Boost the flavour of a so-so soup by dissolving a beef or chicken stock cube in a little hot water and whisking it into the soup.

  • Soup stretchers

If you’re heating up leftover soup for two or more people and it’s looking skimpy, stir in cooked rice, pasta or pearled barley, all of which are great soup stretchers.

  • In the bag

As you prepare salad ingredients, put them into a small plastic bag. When you’ve finished, hold the bag closed with your hand and shake well. The ingredients will be thoroughly tossed and you will be able to refrigerate them in the bag until it’s time to serve.

  • Hold the tomatoes

Even when you need to make a mixed salad ahead of time, add sliced tomatoes only after the salad is on the plate. The greens in your salad bowl will stay crisper in the fridge without tomatoes, which make lettuce wilt.

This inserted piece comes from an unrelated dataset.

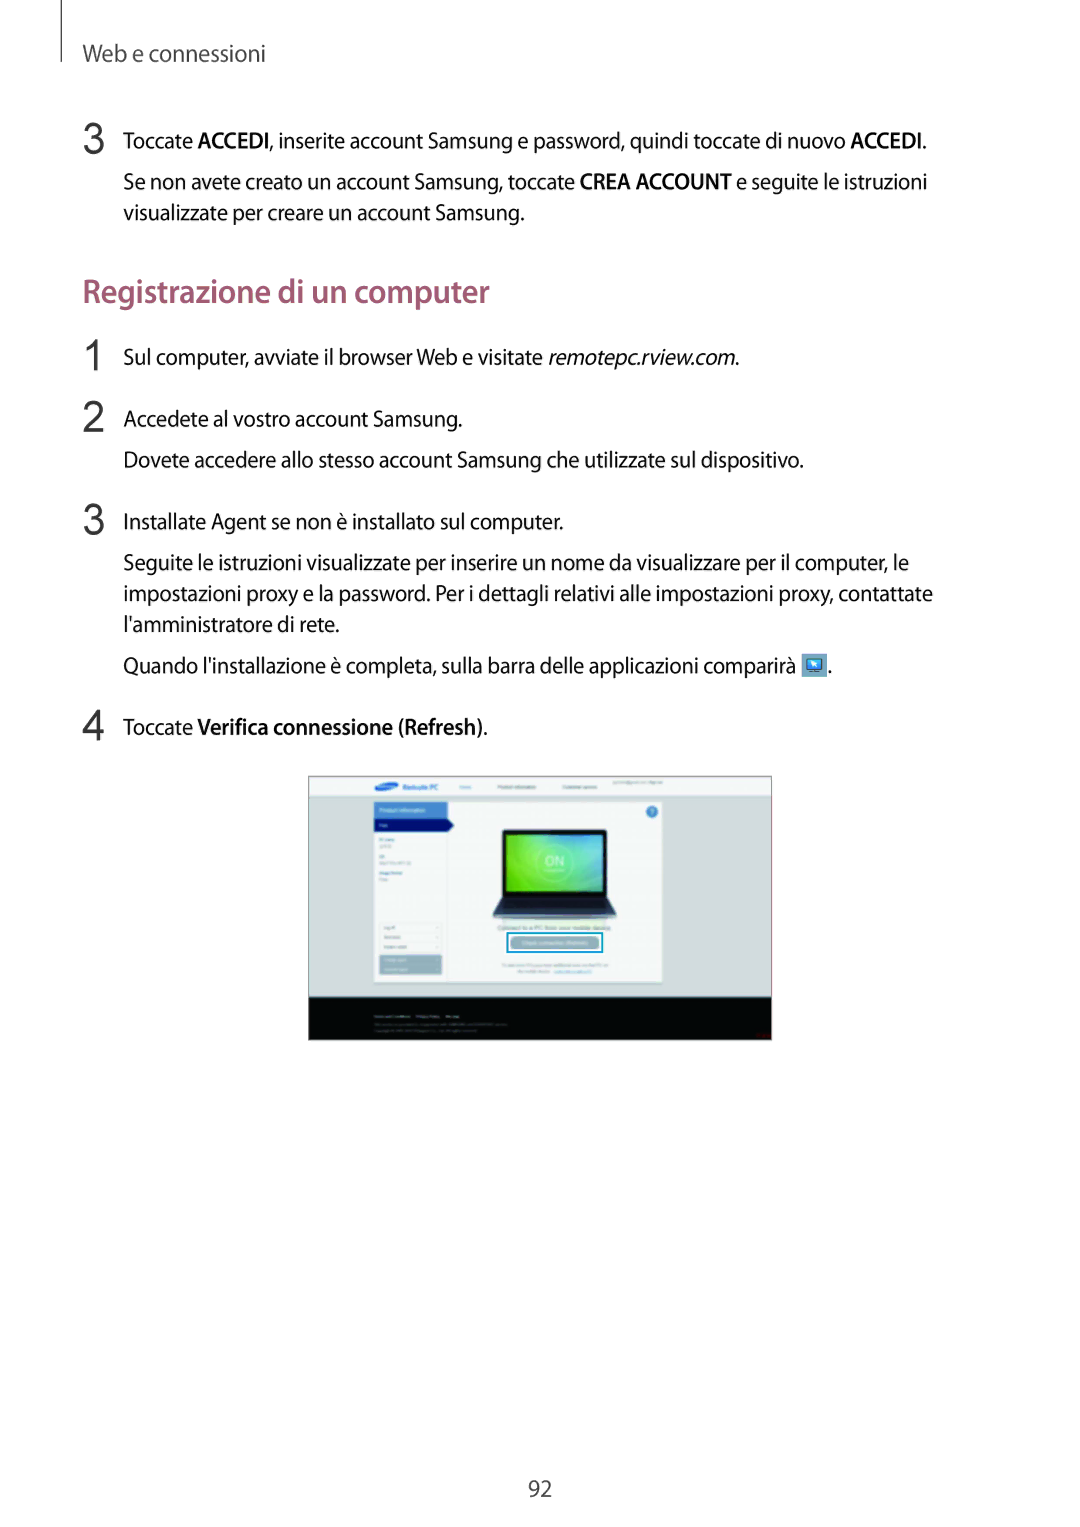 Samsung SM-P9050ZKAXEO, SM-P9050ZWYITV, SM-P9050ZKAITV Registrazione di un computer, Toccate Verifica connessione Refresh 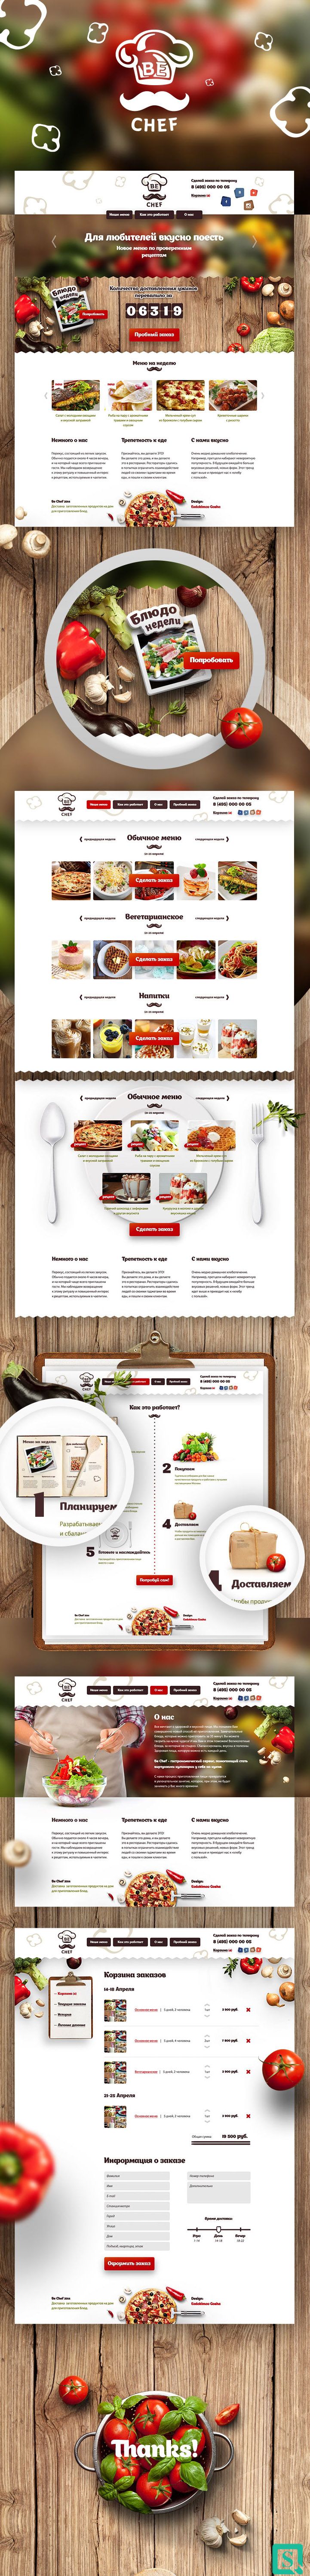 西餐美食 西安网页设计

  • ‘Fast Italian’ broccoli salad

For an easy and delicious salad, toss steamed broccoli florets cooled to room temperature in a dressing of 1/2 cup (125ml) plain tomato pasta sauce, 2 tablespoons olive oil, 1 tablespoon red wine vinegar, 1 tablespoon chopped flat-leaf parsley and salt and black pepper to taste.

  • Keep it fresh

Use this chef’s trick to keep lettuce fresh for up to two weeks. Pull the leaves off the core, fill a sink with cold water and submerge them for 20 minutes. Remove, dry thoroughly, wrap in paper towels and store in the crisper section of your fridge.